Wednesday, June 6, 2012

Data Migration - Scala and Play along the Way

I've been nibbling at data migration system for many years.  It's gone through various transformations, and it's latest addition is mostly working.  The original purpose of the program I forget, but it's main use for awhile has been to extract the EVE Online database data from the SQL Server database dump that CCP kindly provides.  Each EVE revision, I take the CCP dump, spin up a Windows server in the cloud, import the database and extract what I need to port it into PostgreSQL, which is my system of choice.

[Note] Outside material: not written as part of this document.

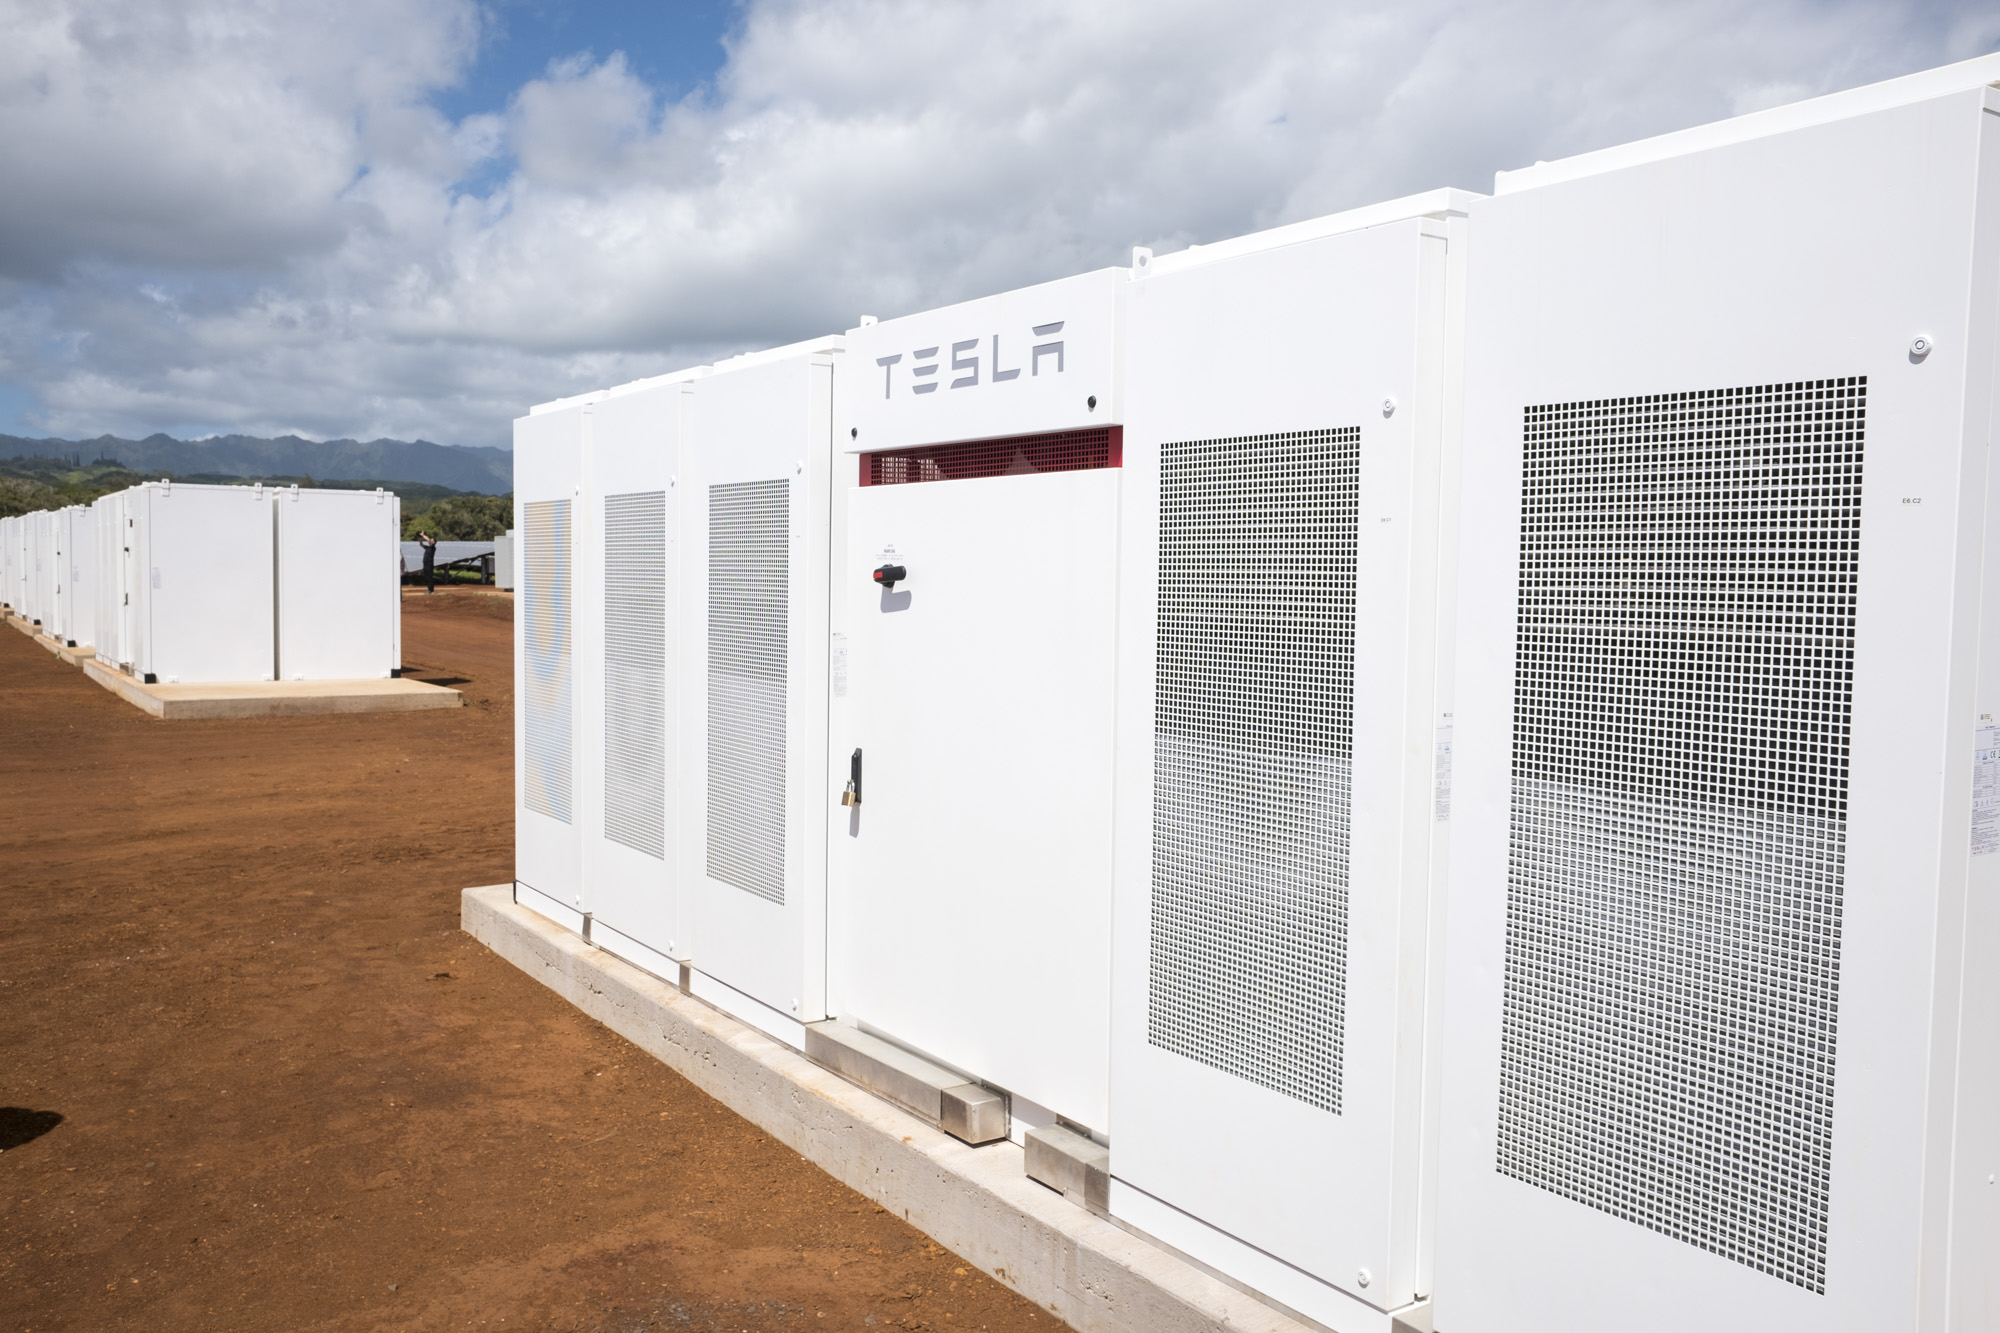 Tesla S Kauai Solar Storage Facility Offers A Glimpse Of

Over the years, JDBC has improved, and technologies have moved along.  In the beginning I wrote Hermes-DB, a simple ORM that was very much not type safe, but coped with many of the auto-probing of table information that comes along with a more dynamic style ORM.  One can argue that this isn't really ORM at all, and at this point, I'm inclined to agree.


Having said that, the auto-probing capabilities turned out to be very very useful in extracting data.  Because the system was predicated on the idea that learning about the database should be the job of the framework, not the developer, it had a reasonably well formed concept of representing tables and columns as objects.  With a bit of tweaking, adding a new metadata class along the way, the package can represent a table definition fairly well now.


What this allows me to do today, is create both a solid database dump, and the DDL to build the table structure.  Theoretically this system could be modified to pull from any datastore and generate for any other datastore.  The system was built in a way that was hopefully designed to facilitate that.


2012 rolls around, and things have changed.  The landscape for web development has been shifting over the last decade as people struggle to find way to get the tools out of the developer's way, and enable them to do their job more and fight with code less.  The most recent evolution in that sequence that I've been working with, is Scala and Play.  As I work with two tools, I'm increasingly finding it easier to build systems that are stable, and take much less code to write.


Hermes-DB was originally designed just to output DDL, but when I started working with JPA, a system that requires a whole lot of scaffolding, it made sense to have one of the output "DDLs" be Java classes with JPA annotations.  Over the last few days, I've been making a new variety of output, Scala case classes designed to work with Play and therefore Anorm.  Anorm is very powerful, and gives you tools that "get out of your way", but doesn't have a lot when it comes to scaffolding.  I've poked around a bit, and it seems there was a scaffolding plugin for Play 1, but none exists for Play 2.  This little utility, is helping fill that gap for me.  It outputs Scala class and companion object definitions based on the database schema.


The EVE Online database comes out of the box with about 75 tables.  75 tables that I'd rather not have to manually create mappings for for model classes.  This little utility made my life much easier.  A bit cheer for code generation tools!


It is open source of course, and can be found on gitorious with the git URL: git@gitorious.org:export4pg/export4pg.git


Please note that some of this code is very very old, and it's worked for probably close to a decade so some of it is a bit ancient in both understanding and coding style.  It is however, very useful, and possibly one of the pieces of code I've written that's still in usage and not broken from constant tinkering!